#### GIVEN DATA ####
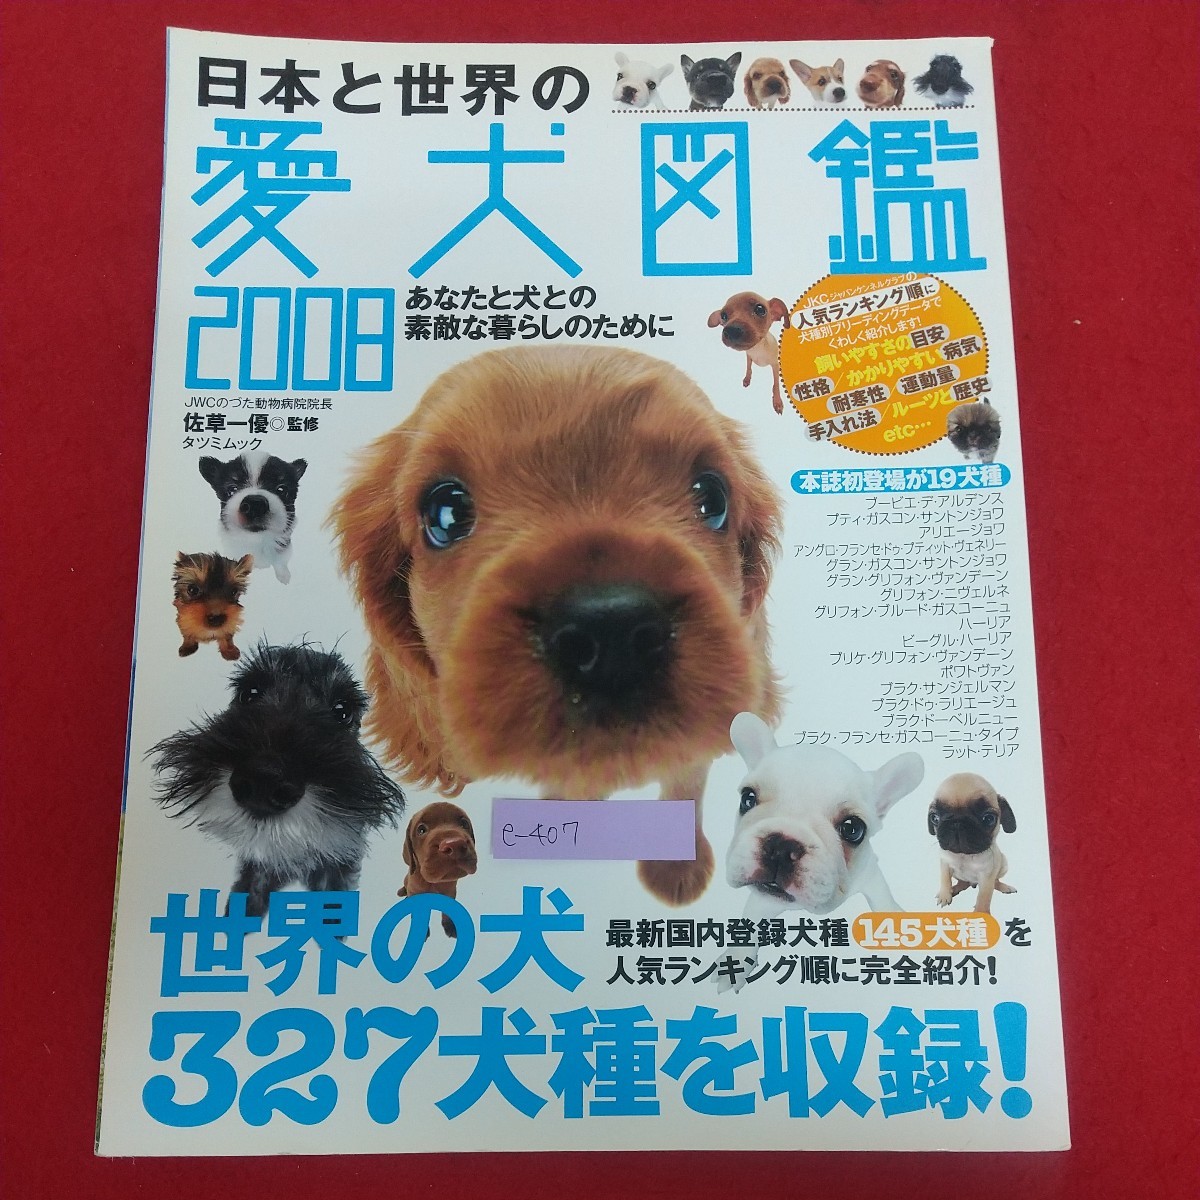 e-407※6 日本と世界の愛犬図鑑2008 タツミムック 2007年9月5日初版発行 辰巳出版株式会社 世界の犬327犬種を収録！ 人気ランキング_画像1
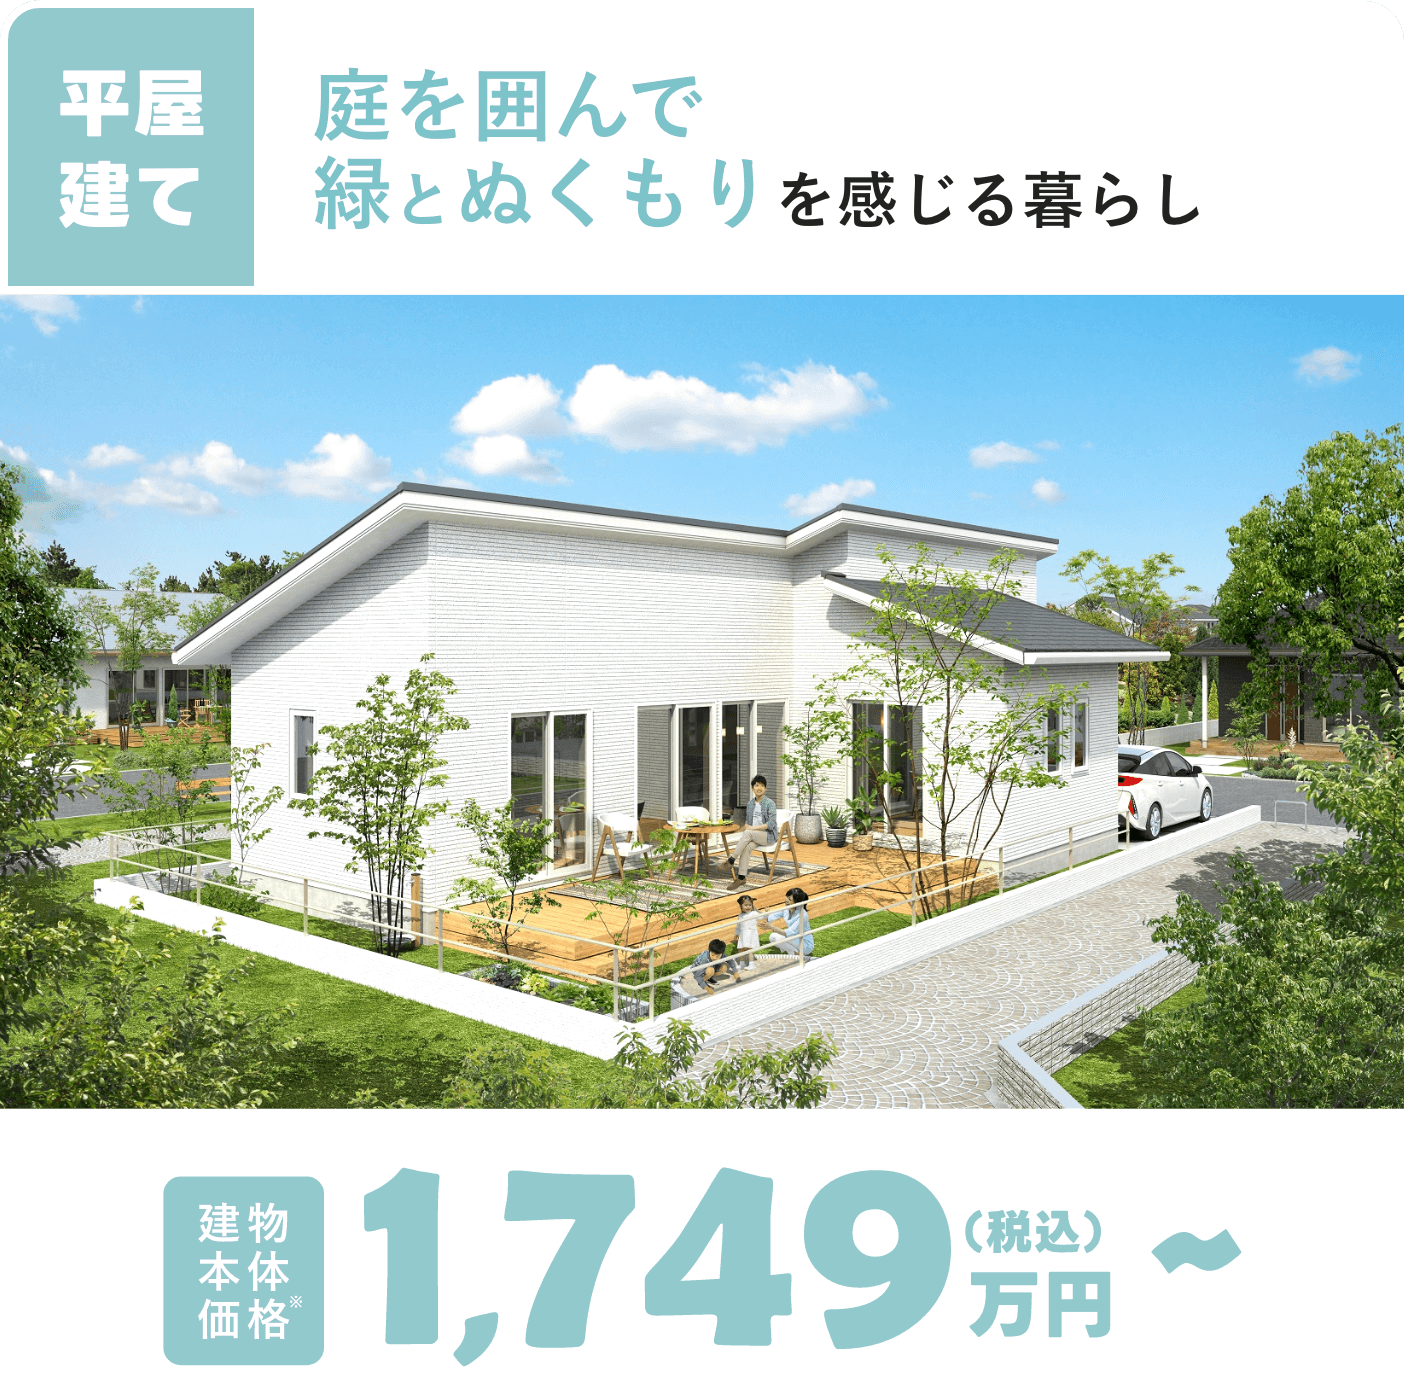 HELLO.03 flat 庭を囲んで緑とぬくもりを感じる暮らし 建物本体価格 1,749万円(税込)～
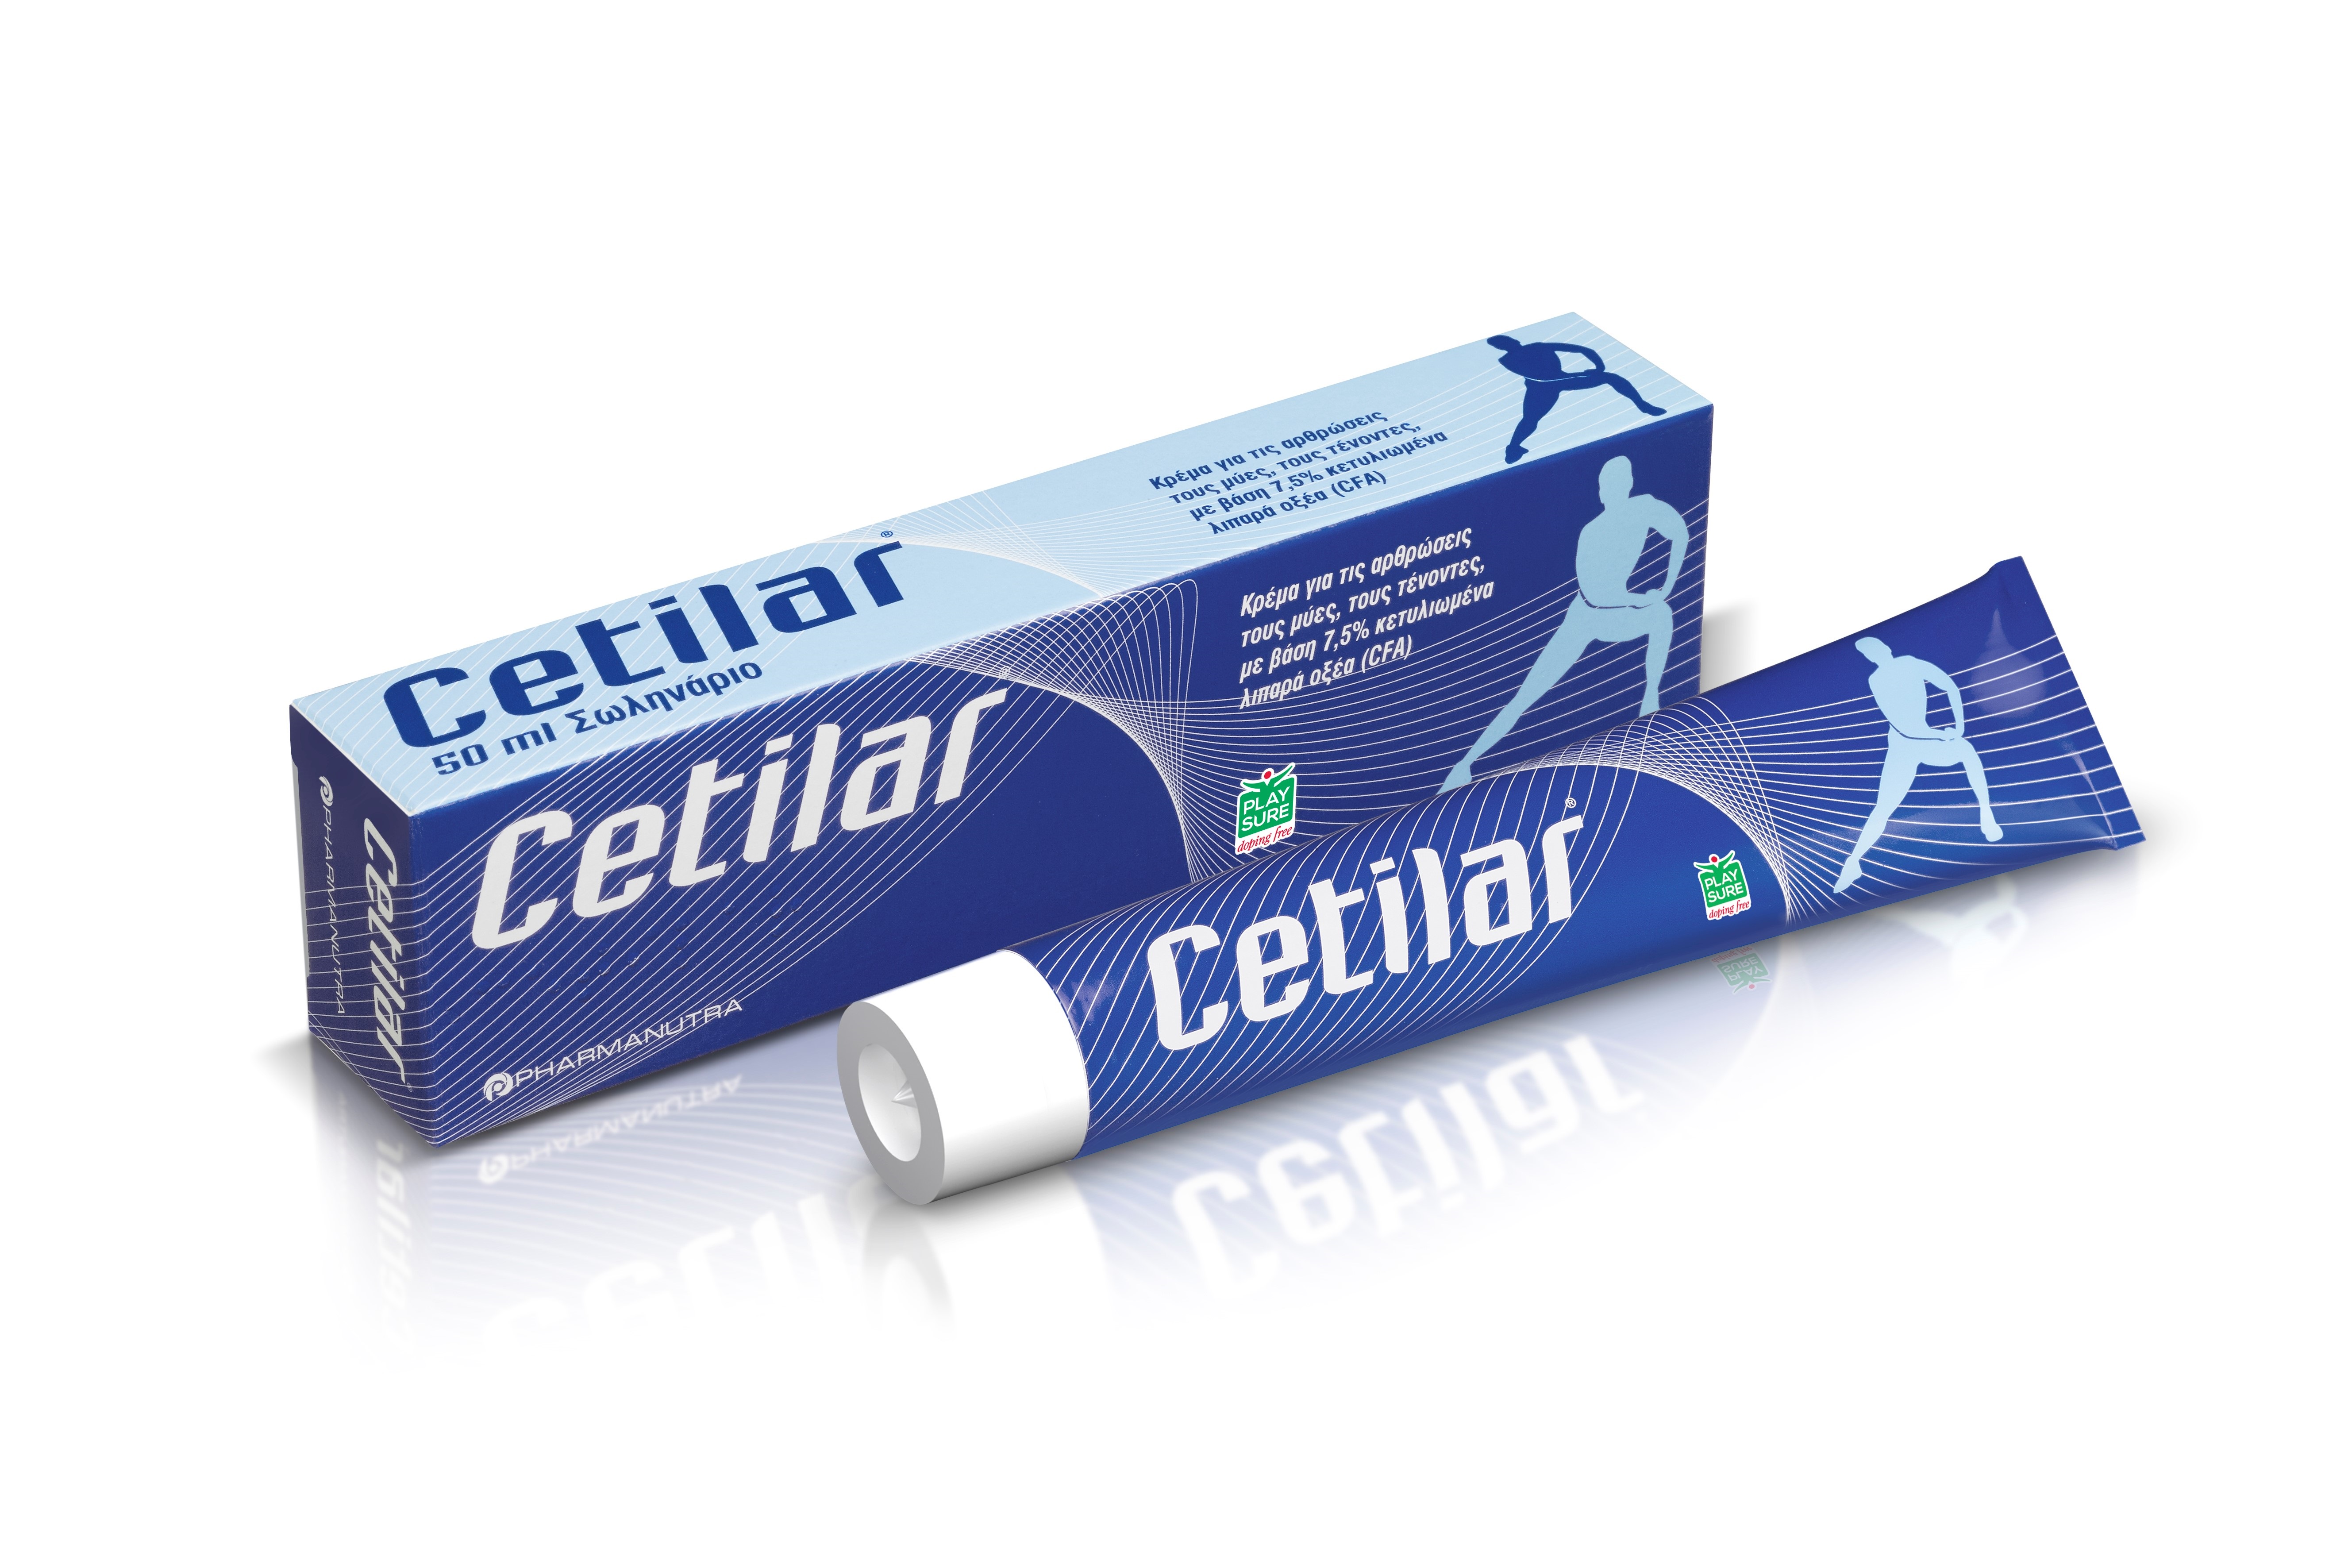 Cetilar: Κρέμα για την αντιμετώπιση του πόνου σε μυς, αρθρώσεις και τένοντες
####
_WHAT YOU SHOULD DO_
A faithful transcription of the material, with no pictures, is the expected result.

_SOLUTION TO THE EXERCISE_
 e-407※6 日本と世界の愛犬図鑑2008 タツミムック 2007年9月5日初版発行 辰巳出版株式会社 世界の犬327犬種を収録！ 人気ランキング_画像1
 HELLO.03 flat 庭を囲んで緑とぬくもりを感じる暮らし 建物本体価格 1,749万円(税込)～
 Cetilar: Κρέμα για την αντιμετώπιση του πόνου σε μυς, αρθρώσεις και τένοντες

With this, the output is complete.